У калабрийской красавицы на гравюре не вышел нос: "особенно не удалась

переносица и части, лежащие около носа, по бокам, где он поднимается". Через

неделю, всг еще неуверенный в том, что достаточно испытана истина, а не то

-- желая вновь насладиться уже знакомой податливостью опыта, он шел опять на

Невский, посмотреть, нет ли новой красотки в окне. На коленях, в пещере,

перед черепом и крестом, молилась Мария Магдалина, и лицо ее и луче лампады

было мило, конечно, но насколько лучше полуосвещенное лицо Надежды Егоровны!

На белой террасе над морем -- две девушки: грациозная блондинка сидит на

каменной лавке целуясь с юношей, а грациозная брюнетка смотрит, не идет ли

кто, отодвинув малиновую занавеску, "отделяющую террасу от других частей

дома", как отмечаем мы в дневнике, ибо всегда любим установить, в какой

связи находится данная подробность по отношению к ее умозрительной среде.

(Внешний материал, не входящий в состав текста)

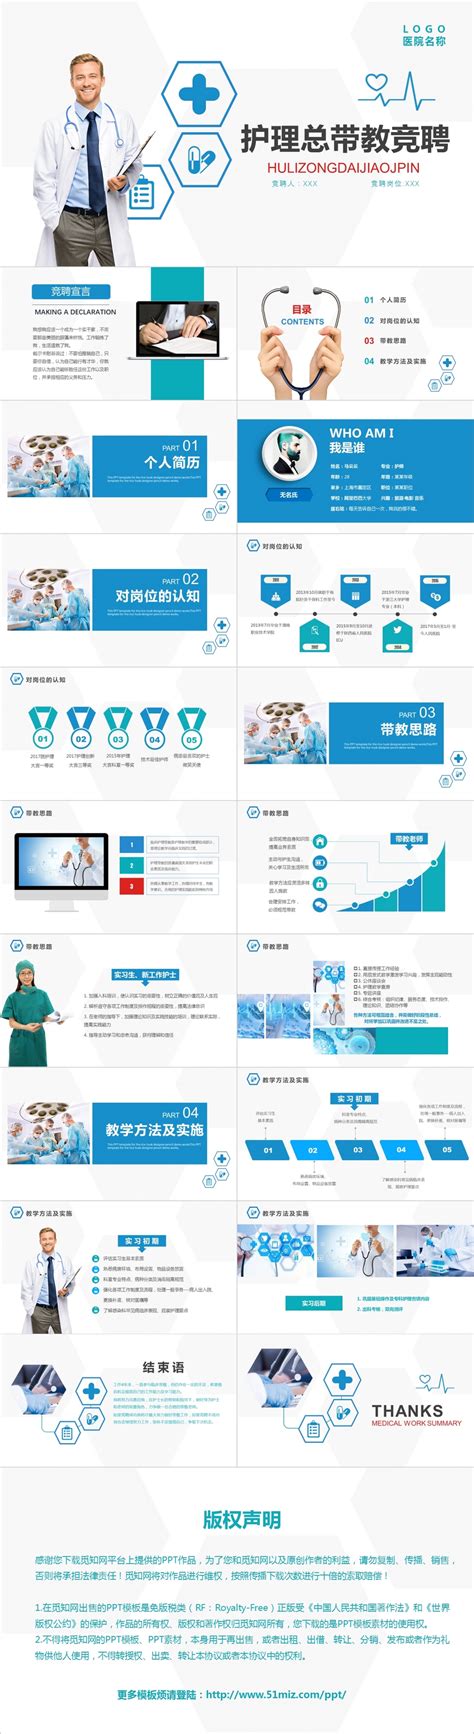 独家招聘-广州市维力医疗器械股份有限公司

Разумеется, шейка у Надежды Егоровны еще милее. Отсюда важный вывод: жизнь

милее (а значит лучше) живописи, ибо что такое живопись, поэзия, вообще

искусство в самом чистом своем виде? Это -- солнце пурпурное, опускающееся в

море лазурное; это -- "красивые" складки платья; это -- розовые тени,

которые пустой писатель тратит на иллюминовку своих глянцевитых глав; это --

гирлянды цветов, феи, фрины, фавны... Чем дальше, тем облачнее: сорная идея

растет. Роскошь женских форм на картине уже намекает на роскошь в

экономическом смысле. Понятие "фантазии" представляется Николаю Гавриловичу

в виде прозрачной, но пышногрудой Сильфиды, которая, без всякого корсета и

почти нагая, играя легким покрывалом, прилетает к поэтически поэтизирующему

поэту. Две-три колонны, два-три дерева -- не то кипарисы, не то тополя --

какая-то мало нам симпатичная урна, -- и поклонник чистого искусства

рукоплещет. Презренный! Праздный! И действительно, как же не предпочесть

всему этому вздору честное описание современного быта, гражданскую горечь,

задушевные стишки?

Смело можно сказать, что в те минуты, когда он льнул к витрине,

полностью создалась его нехитрая магистерская диссертация "Эстетические

Отношения Искусства к Действительности" (не удивительно, что он ее

впоследствии написал прямо набело, сплеча, в три ночи; удивительнее то, что

он за нее, хоть и с шестилетним опозданием, так-таки получил магистра).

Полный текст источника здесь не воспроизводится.